**** Source material
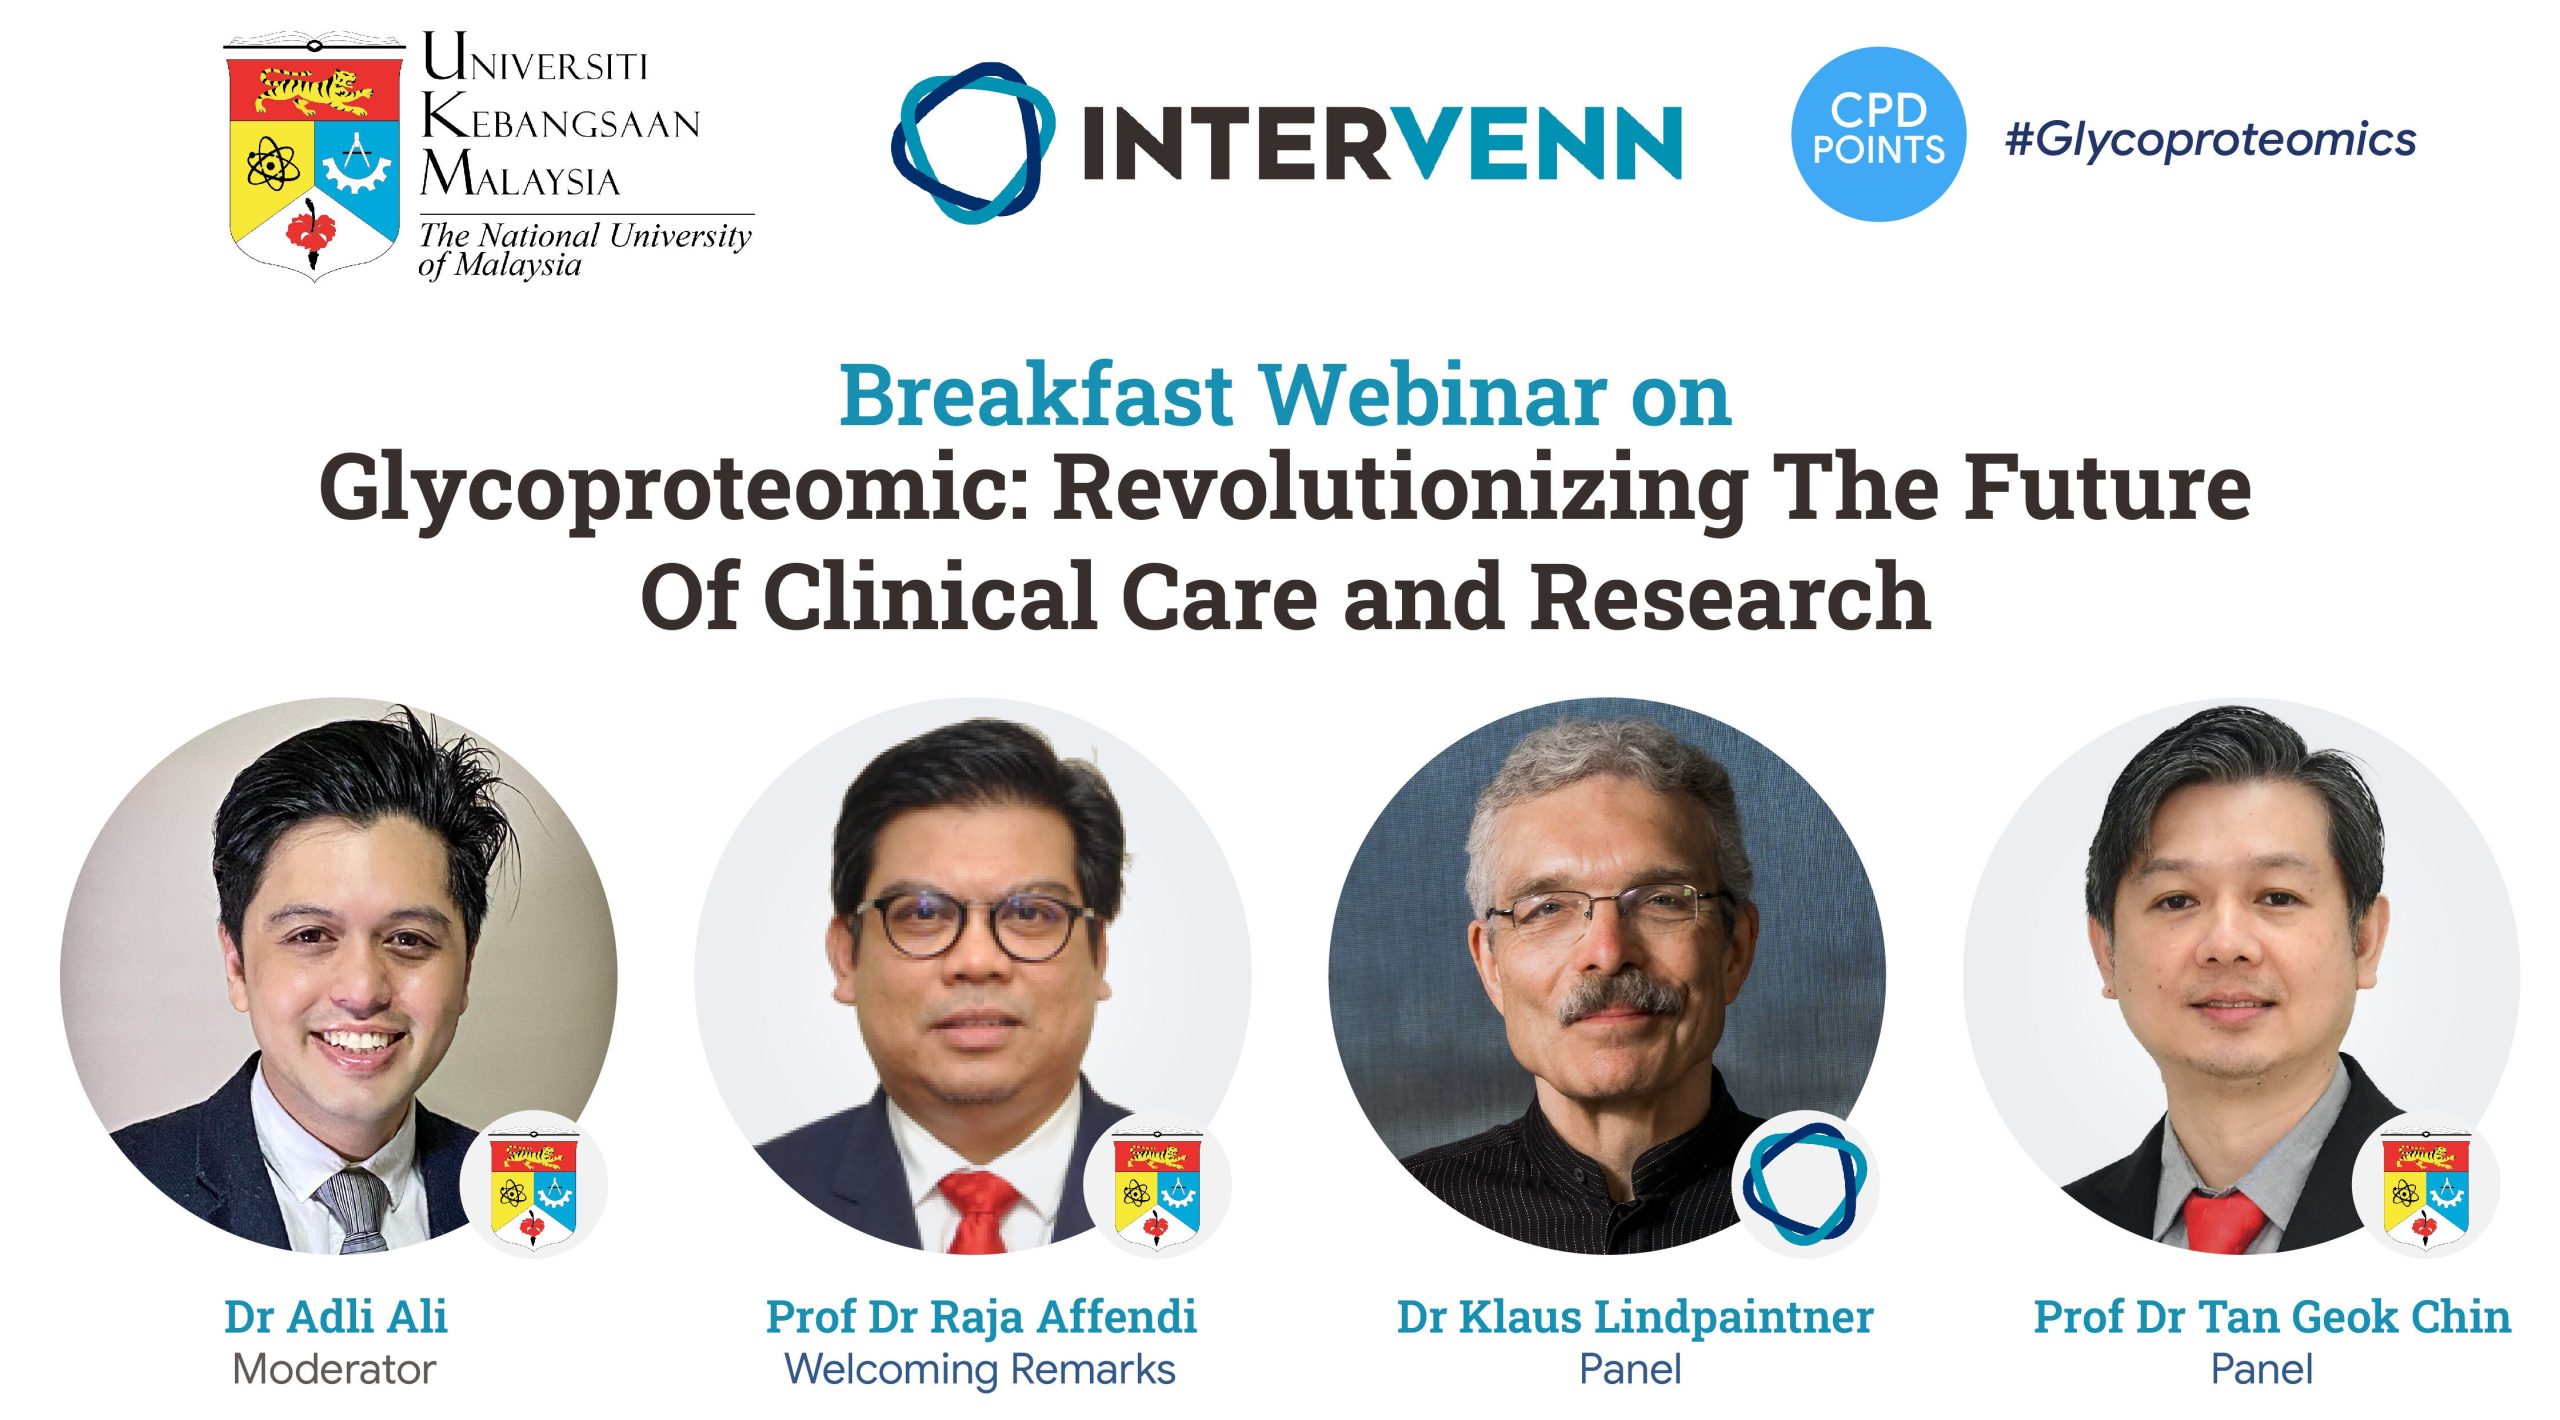 Breakfast Webinar on Glycoproteomic: Revolutionizing The Future of Clinical Care and Research
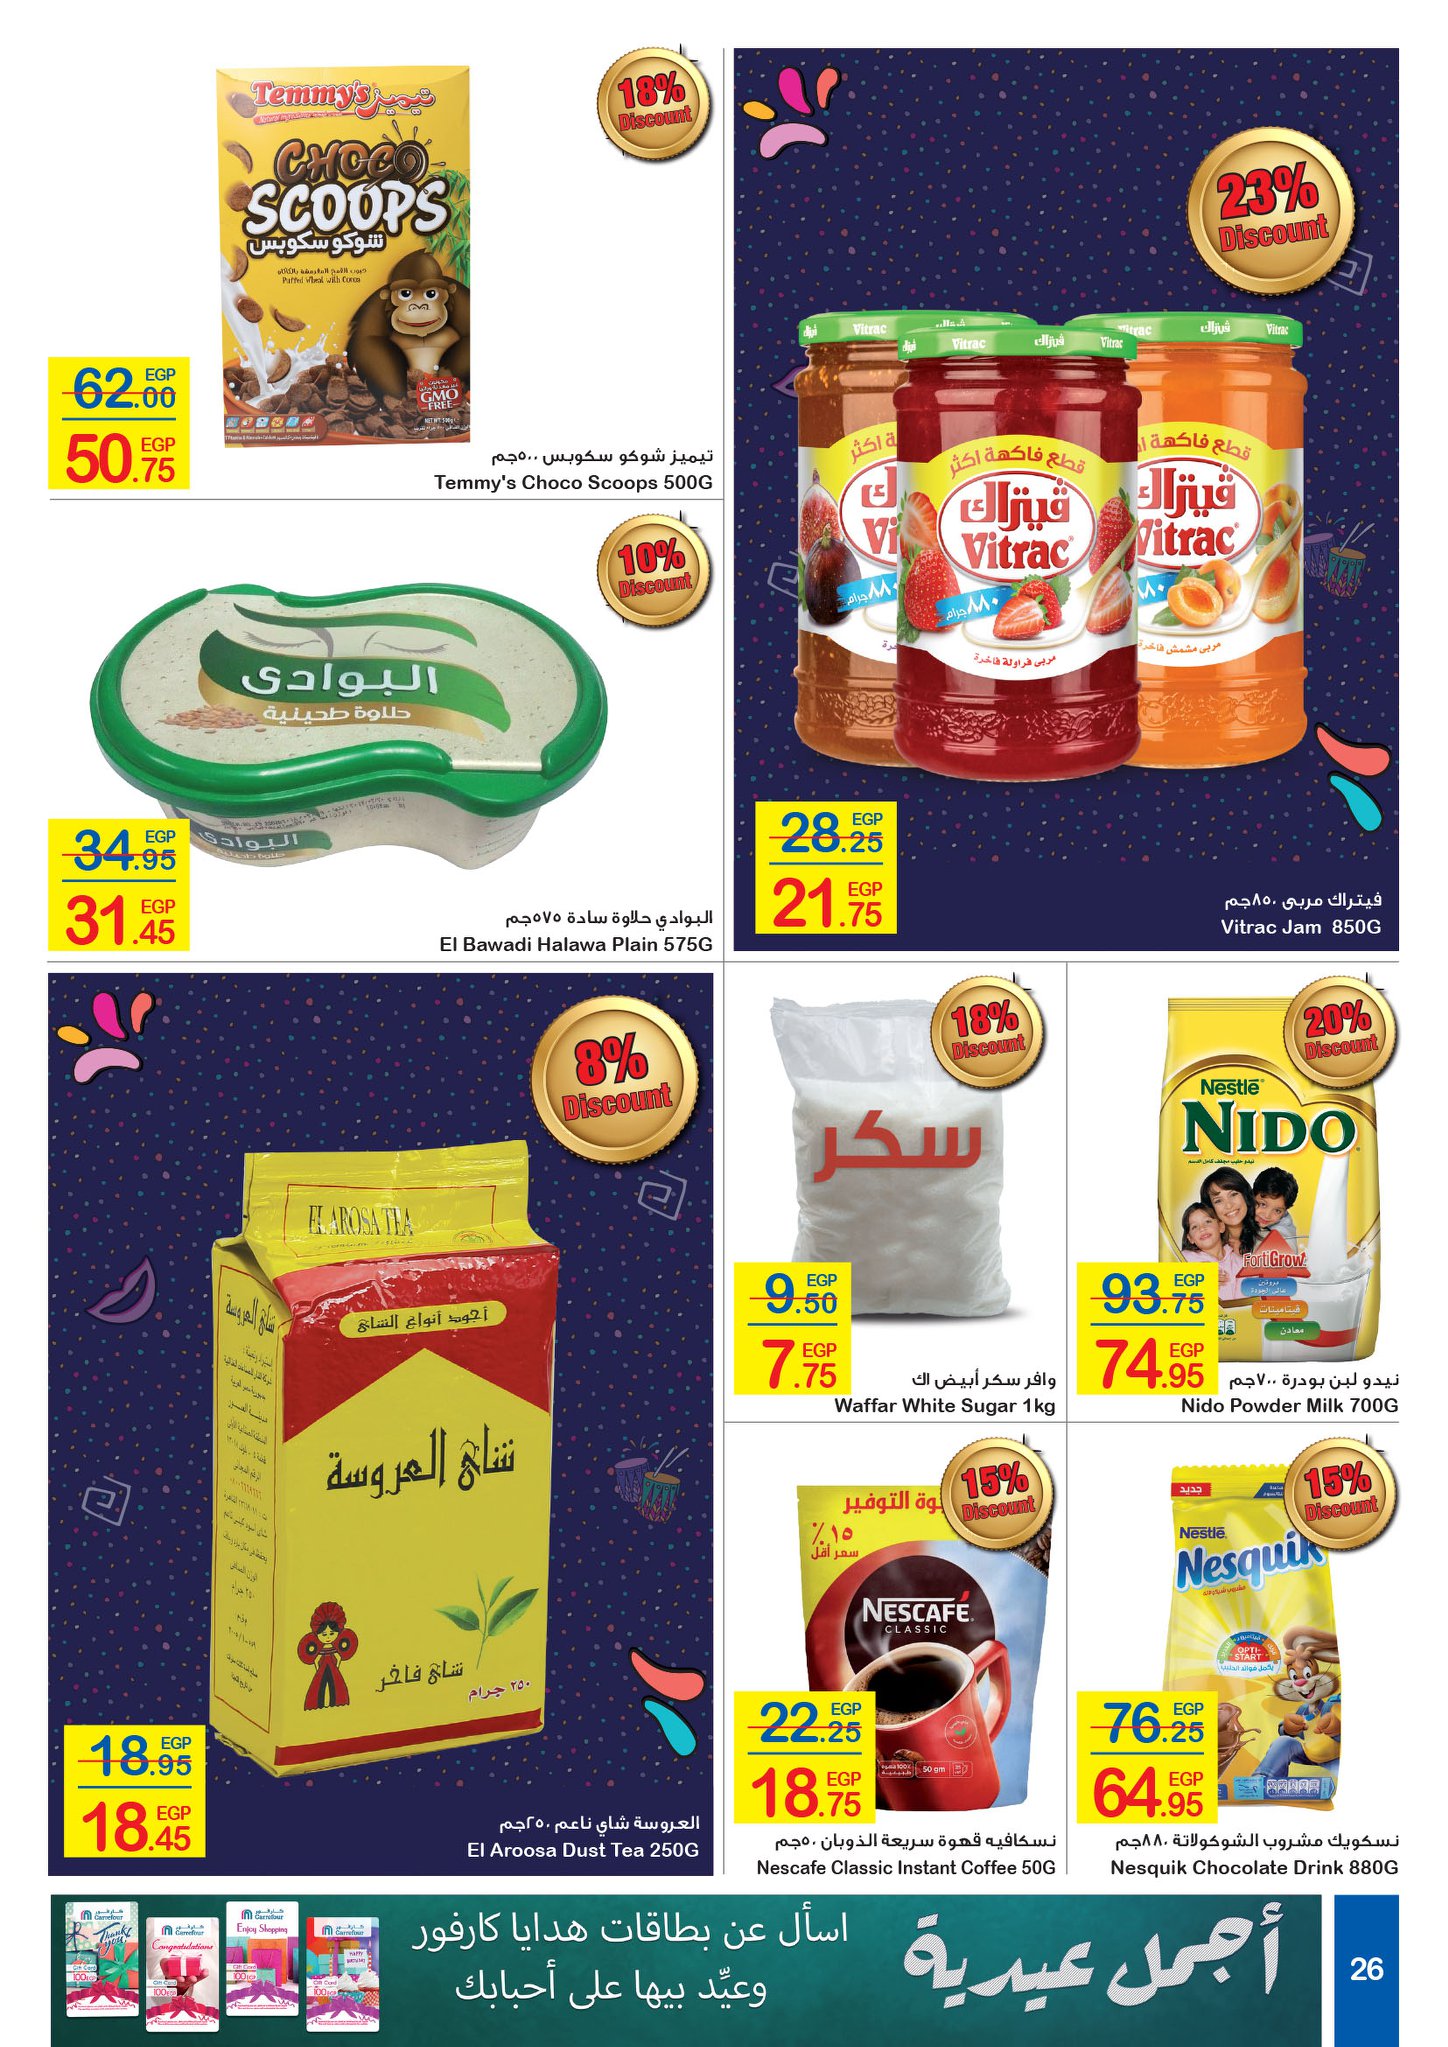 Carrefour Flyer from 16/7 till 27/7 | Carrefour Egypt 26
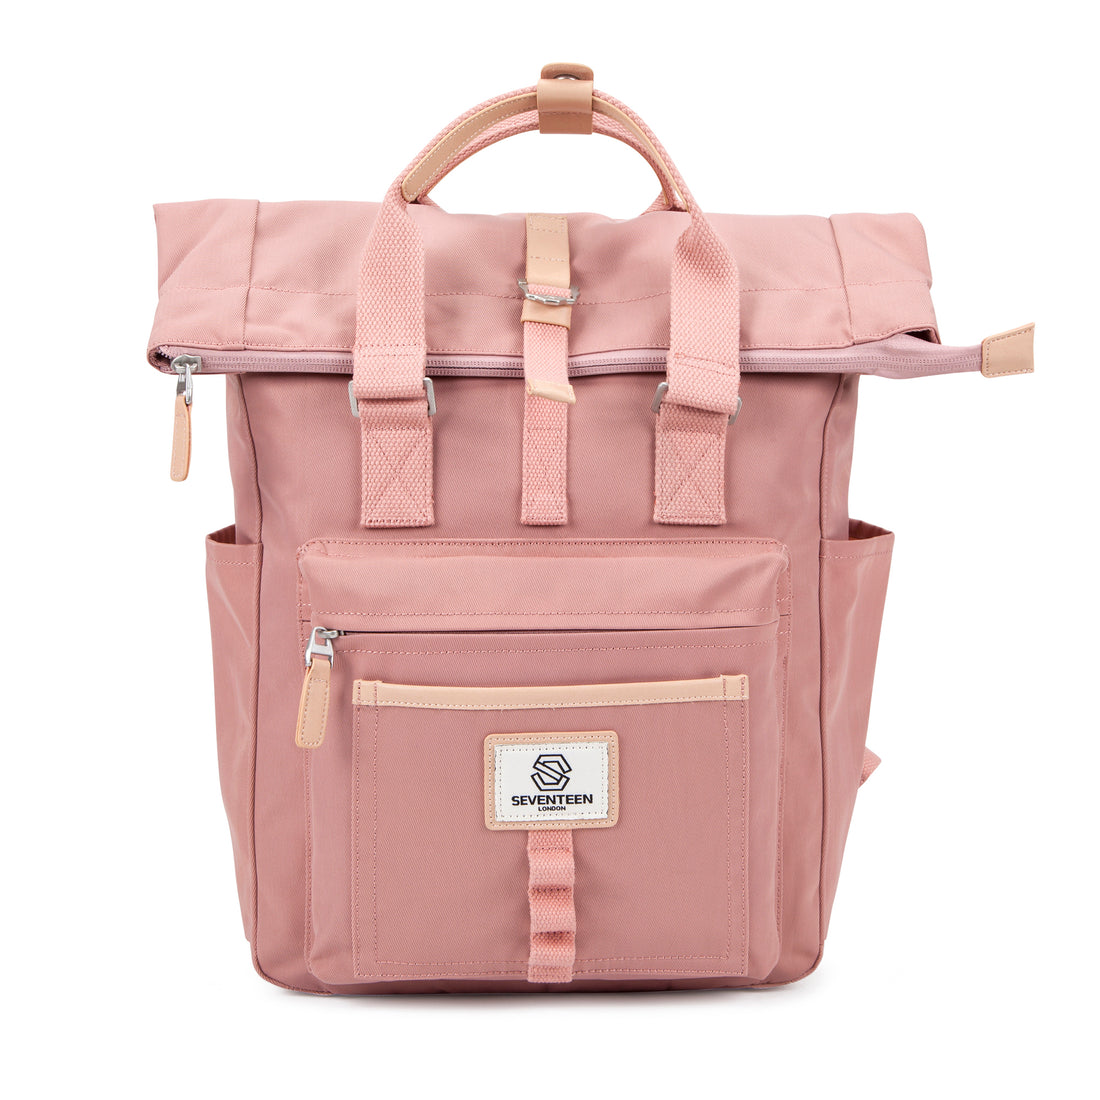 Canary Wharf Backpack-Backpack-17 London-Pink-SchoolBagsAndStuff
********
Exercise brief
Only the pictures are dropped when you print the material; everything else is copied exactly.

Answer for the task
 Breakfast Webinar on Glycoproteomic: Revolutionizing The Future of Clinical Care and Research
 Carrefour Flyer from 16/7 till 27/7 | Carrefour Egypt 26
 Canary Wharf Backpack-Backpack-17 London-Pink-SchoolBagsAndStuff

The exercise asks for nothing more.